Visitor numbers are rising, but margins are falling. The reason lies in an analogue management model that other European markets have already left behind.
Italy’s public swimming pool sector is facing a contradiction that is hard to overlook. The 2025 season recorded double-digit growth in visitor numbers at many facilities, driven by rising demand and the outstanding results of Italian competitive swimming. Yet during the same period, a significant share of these facilities saw their margins shrink by between 12% and 18%.
The answer does not lie in the number of swimmers. It lies in how pools are managed: phone bookings, paper registers, ticket booths staffed by hand during peak hours. These are hidden costs that never appear on a balance sheet, but steadily erode profitability.
The Invisible Cost of Analogue Management
Staff who spend their time answering calls, writing down names and handling cash cannot focus on what actually creates value: water safety, service quality and the sale of additional activities.
Long entry queues on busy summer weekends are not only frustrating for visitors — they represent lost revenue, especially when people simply give up and leave. Fragmented, traditional communication channels also make it impossible to track advance payments, leading to recurring cash shortfalls and administrative discrepancies that are difficult to resolve.
Fragmented Data, Decisions Made in the Dark
The problem goes well beyond online booking. The core issue is the inability to read data in an integrated way. The vast majority of public pools use separate, disconnected systems to manage admissions, swimming courses, children’s lessons and membership subscriptions.

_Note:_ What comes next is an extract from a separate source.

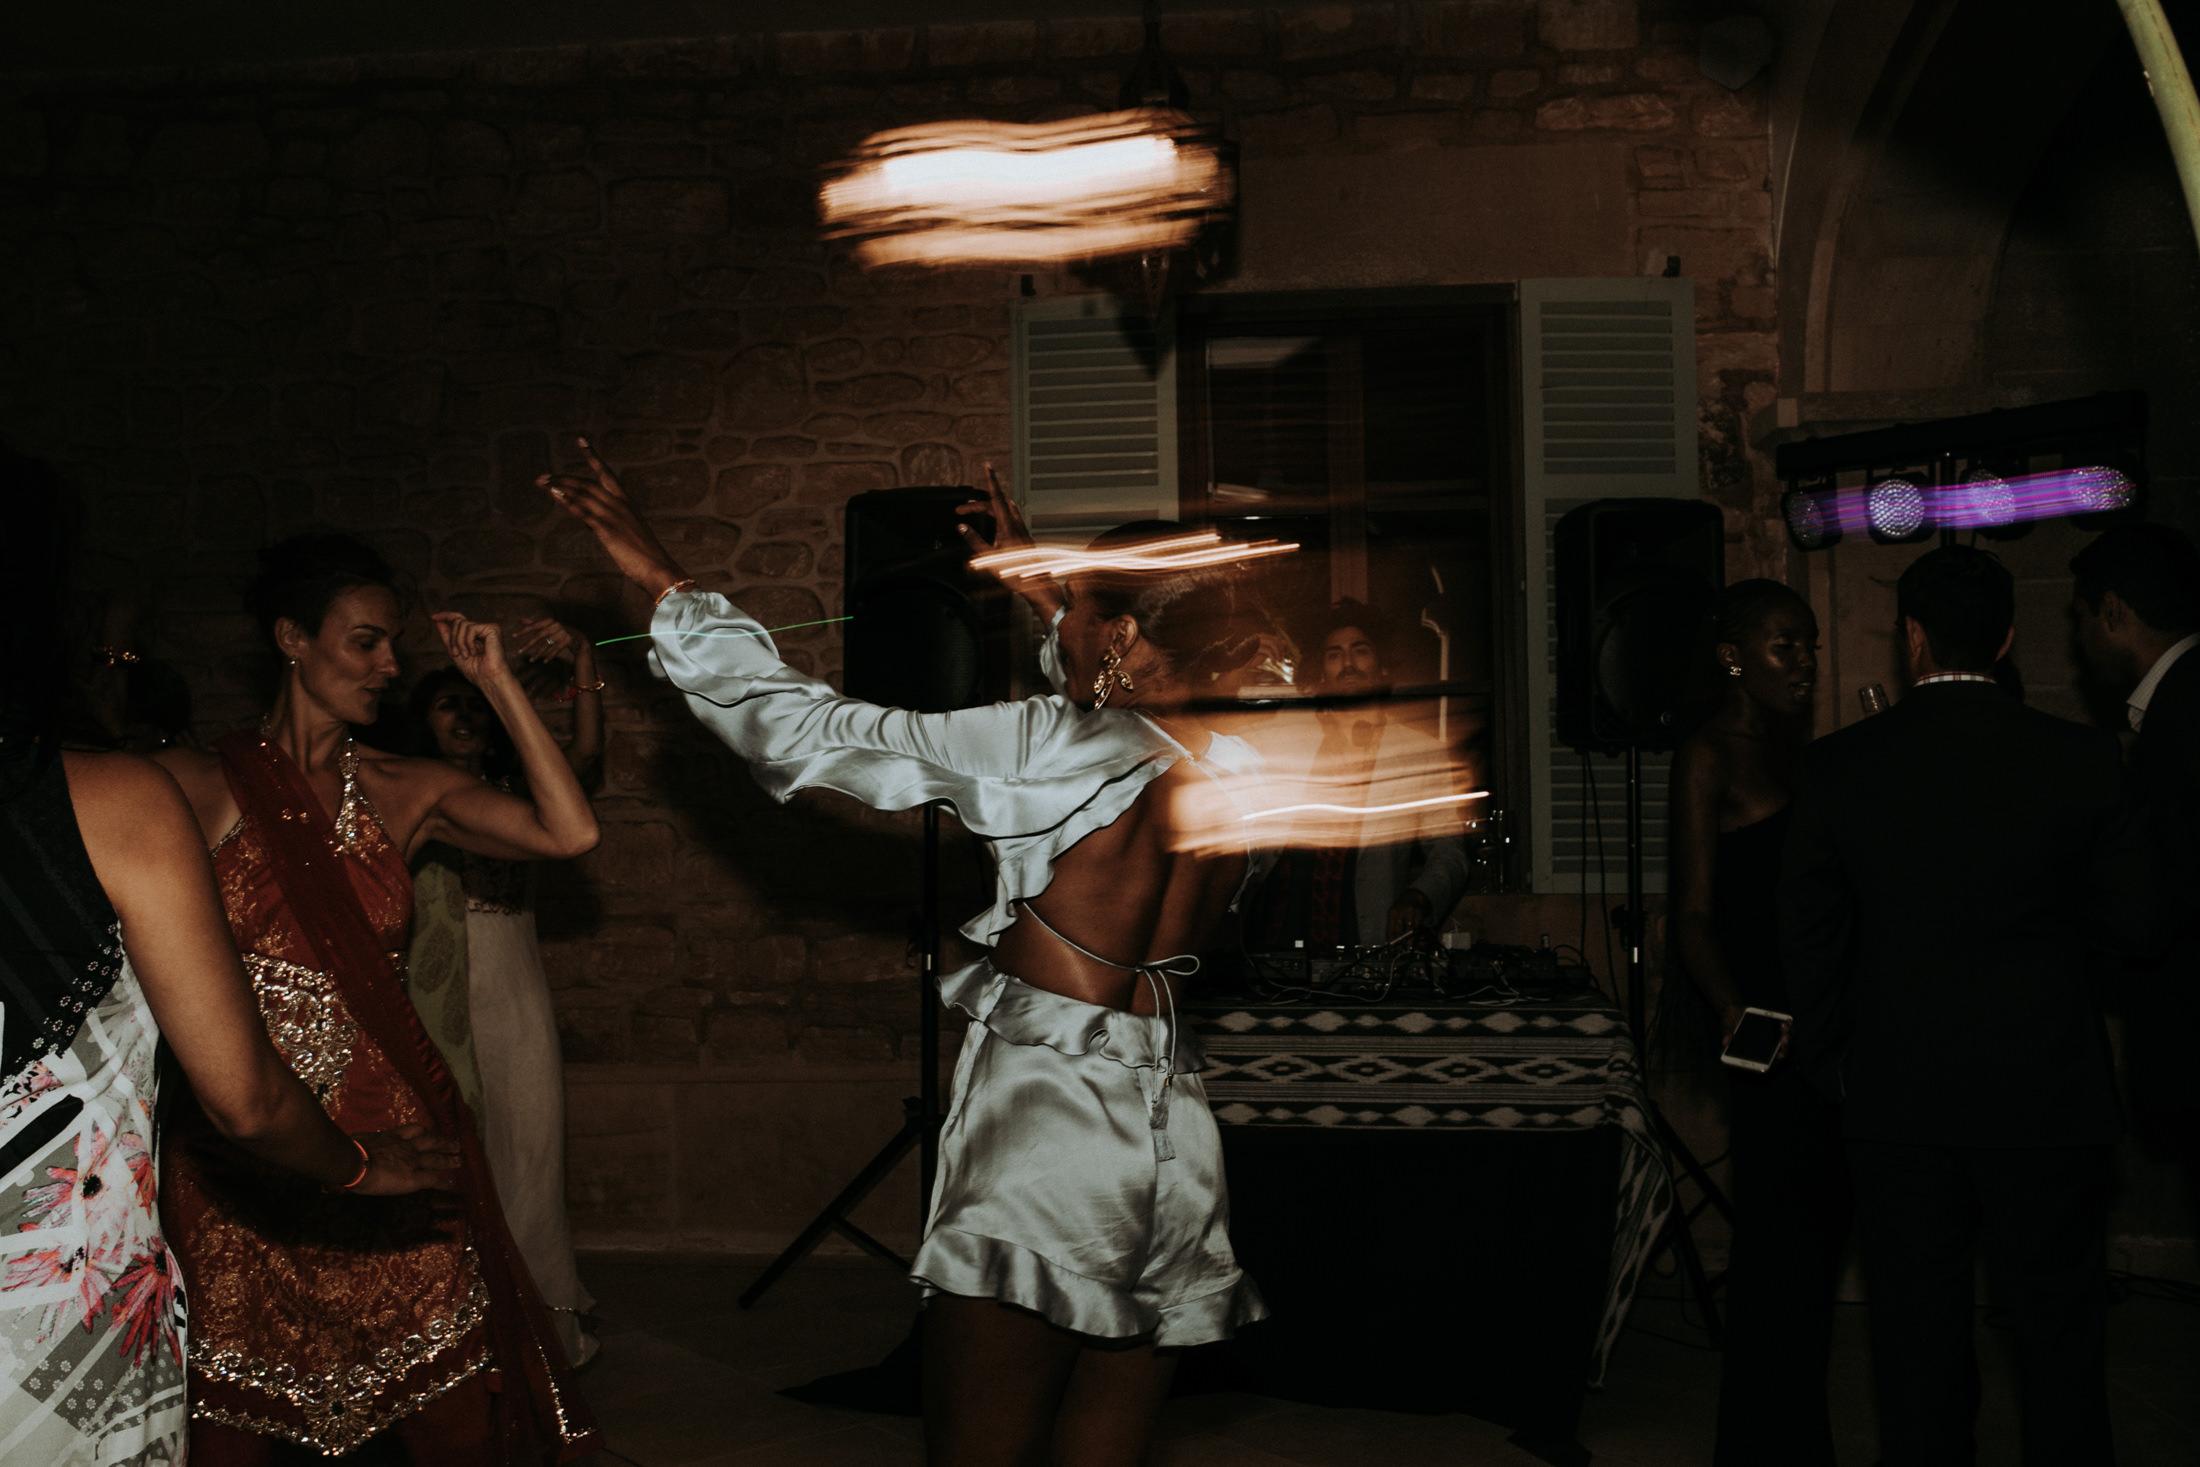 Wedding_Photographer_Mallorca_Daniela-Marquardt_Photography_New_York_Iceland_Tuscany_Santorini_Portugal_Austria_Bavaria_Elopement_Hochzeitsfotograf_AntjeRajat1_53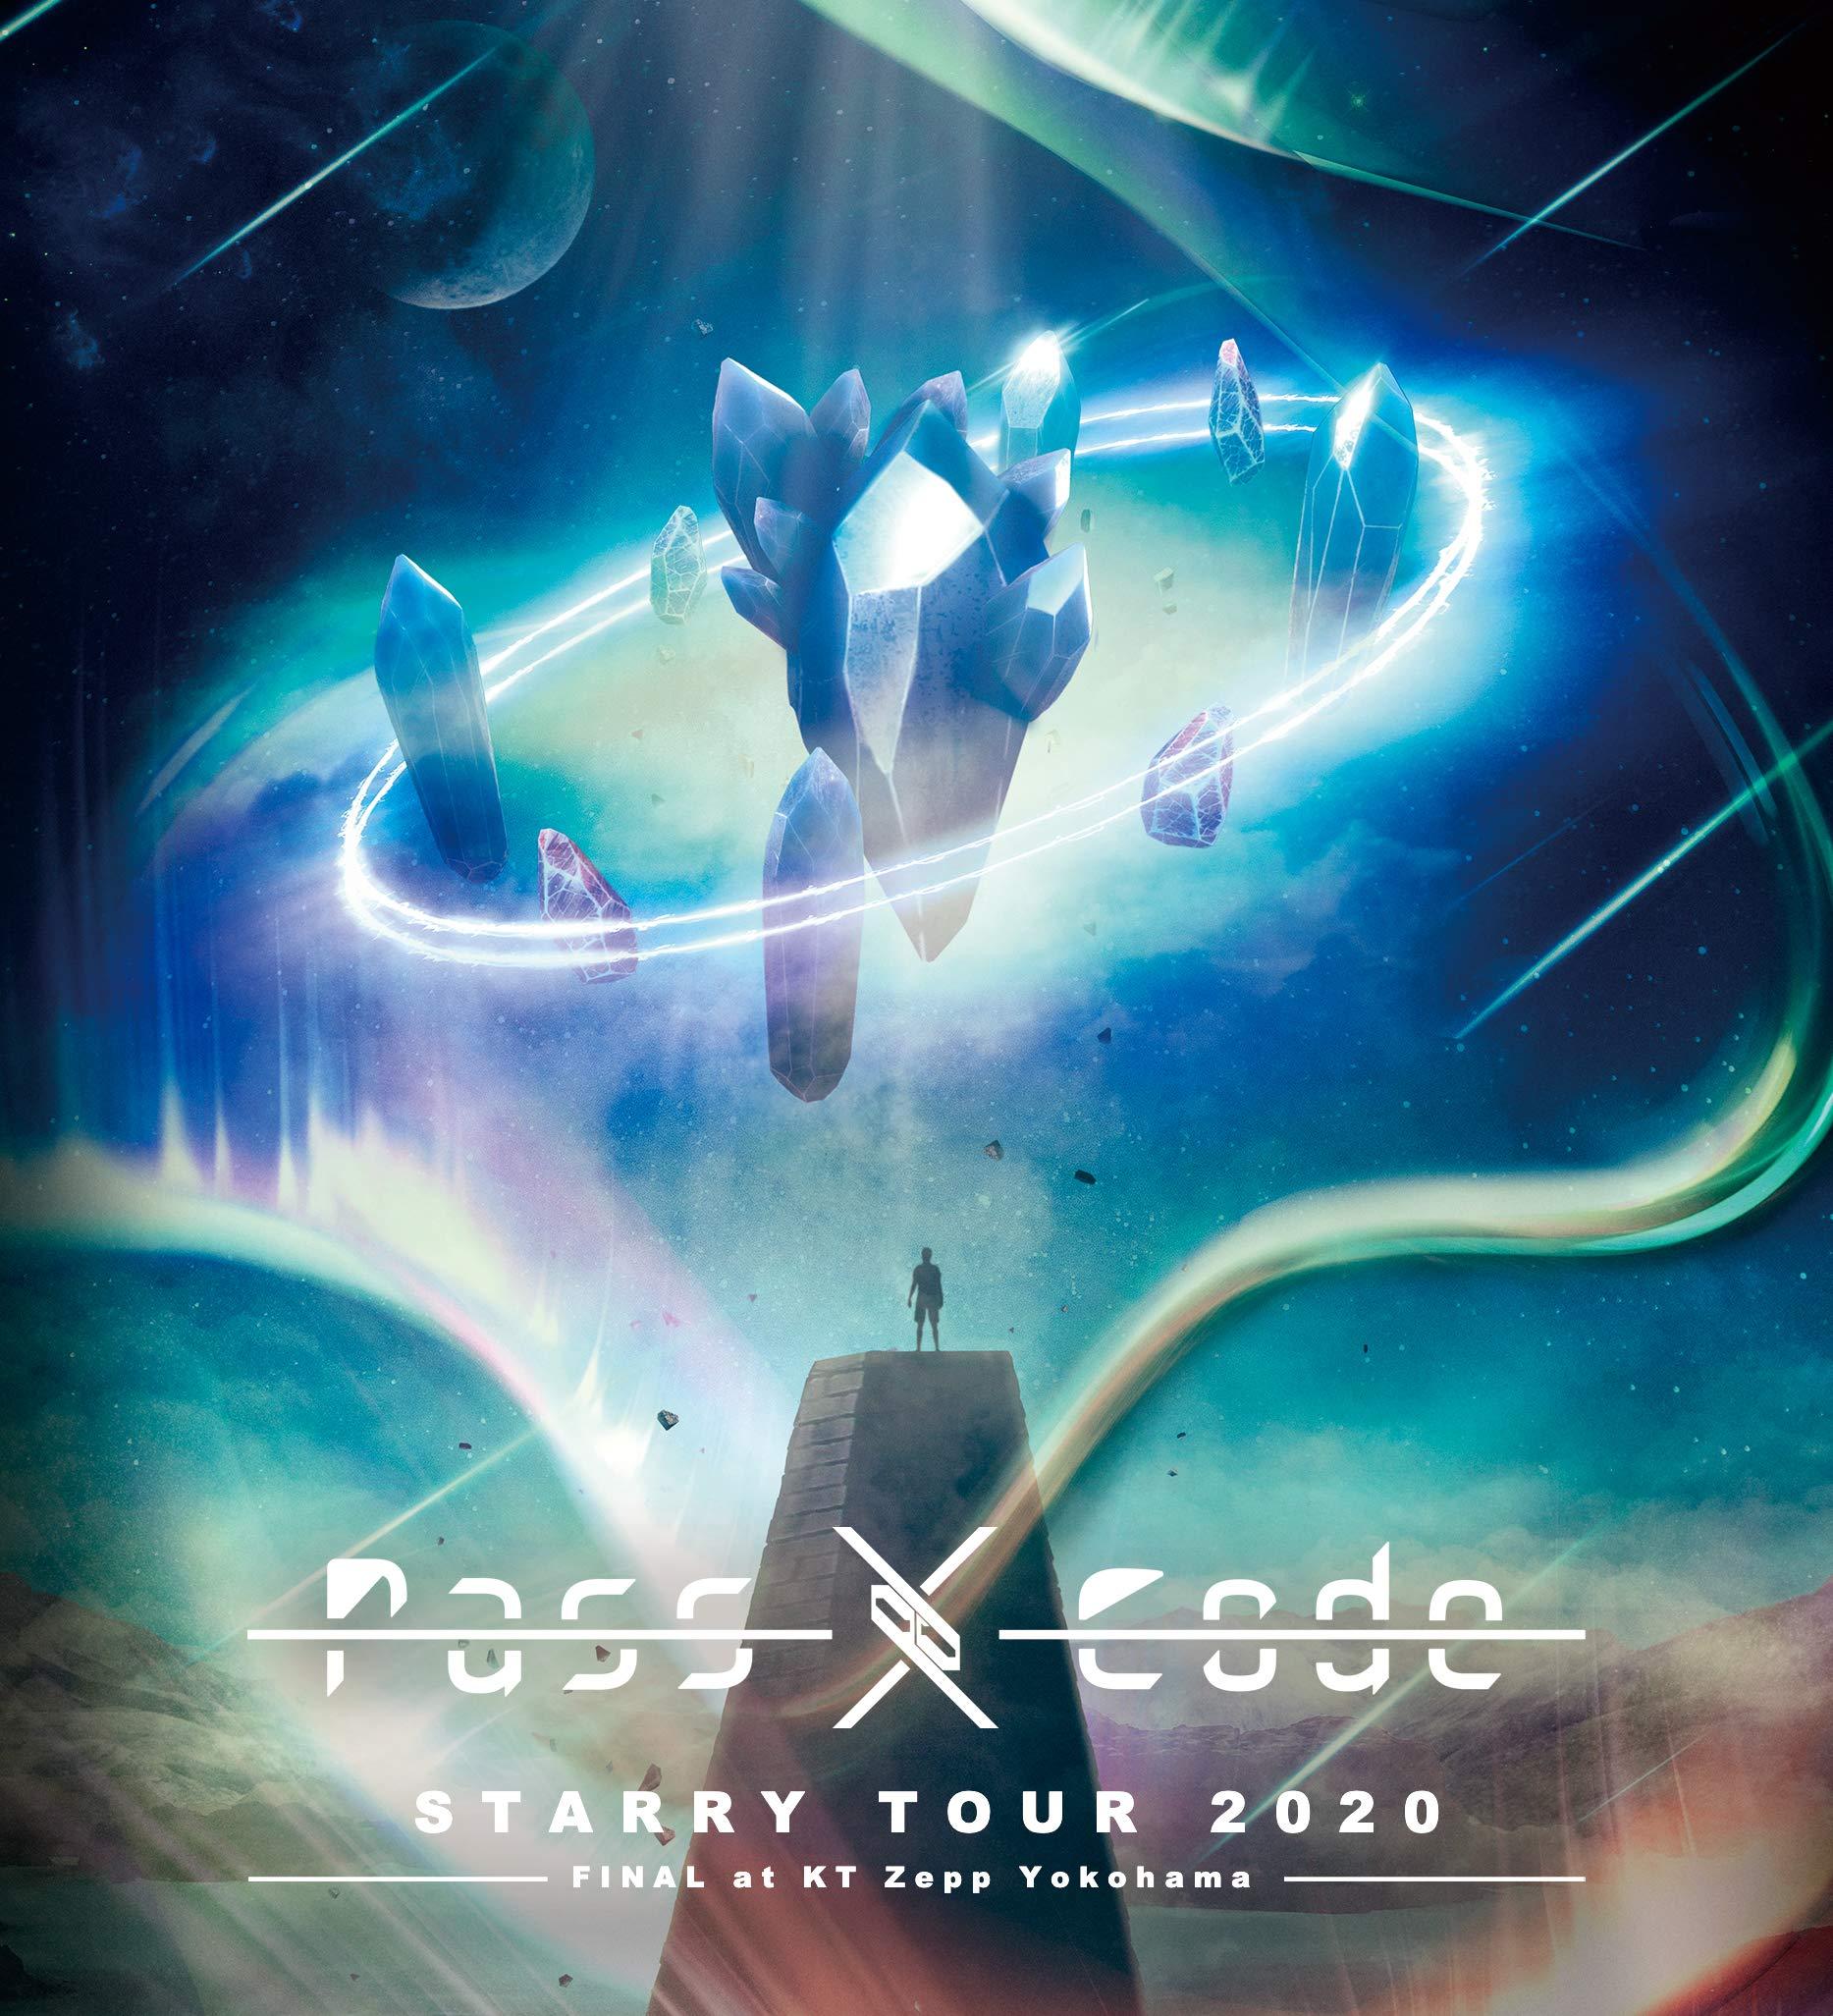 [Album] PassCode – PassCode STARRY TOUR 2020 FINAL at KT Zepp Yokohama [CD FLAC + Blu-ray ISO] [2020.11.18]

As a result, a facility manager has no real-time picture of how many lanes are in use, which time slots are consistently underused, or which visitor segments are most likely to spend on additional services. Without this information, dynamic pricing is impossible, reliable budgets cannot be built, and effective loyalty campaigns cannot be designed.
The contrast with pools attached to private fitness centres is stark. These facilities have long operated with unified CRM, activity planning and access control systems, delivering higher service standards and fewer idle hours. In Germany and France, these tools already represent the minimum standard for public facilities.
The Numbers From Those Who Have Already Changed
The experience of facilities that have embraced digitalisation offers a clear benchmark. Pools that adopted digital management software during 2024 recorded on average 75% more bookings than those that kept traditional methods.
The average spend per visit among online bookers is around 34 euros per day — higher than the average ticket purchased on site. Facilities with automated access systems have also seen increased sales of ancillary services such as cafés, equipment rental and courses.
Regulatory Pressure Is Accelerating the Timeline
There is now a compliance reason that makes change urgent. A new national framework law introduces, for the first time, a uniform classification of swimming facilities across Italy, bringing management requirements in line with the European standard UNI EN 15288.
The regulation requires mandatory self-monitoring plans, certified professional roles and a system of penalties for non-compliance. Managing a facility without digital tracking and reporting tools will become progressively incompatible with these obligations.
On the energy side — another major item weighing on pool budgets — integrated management systems for filtration and heating, programmed according to actual visitor numbers rather than fixed schedules, deliver documented savings of up to 30% on annual consumption. This argument alone would make a digital investment fully justified within a single season.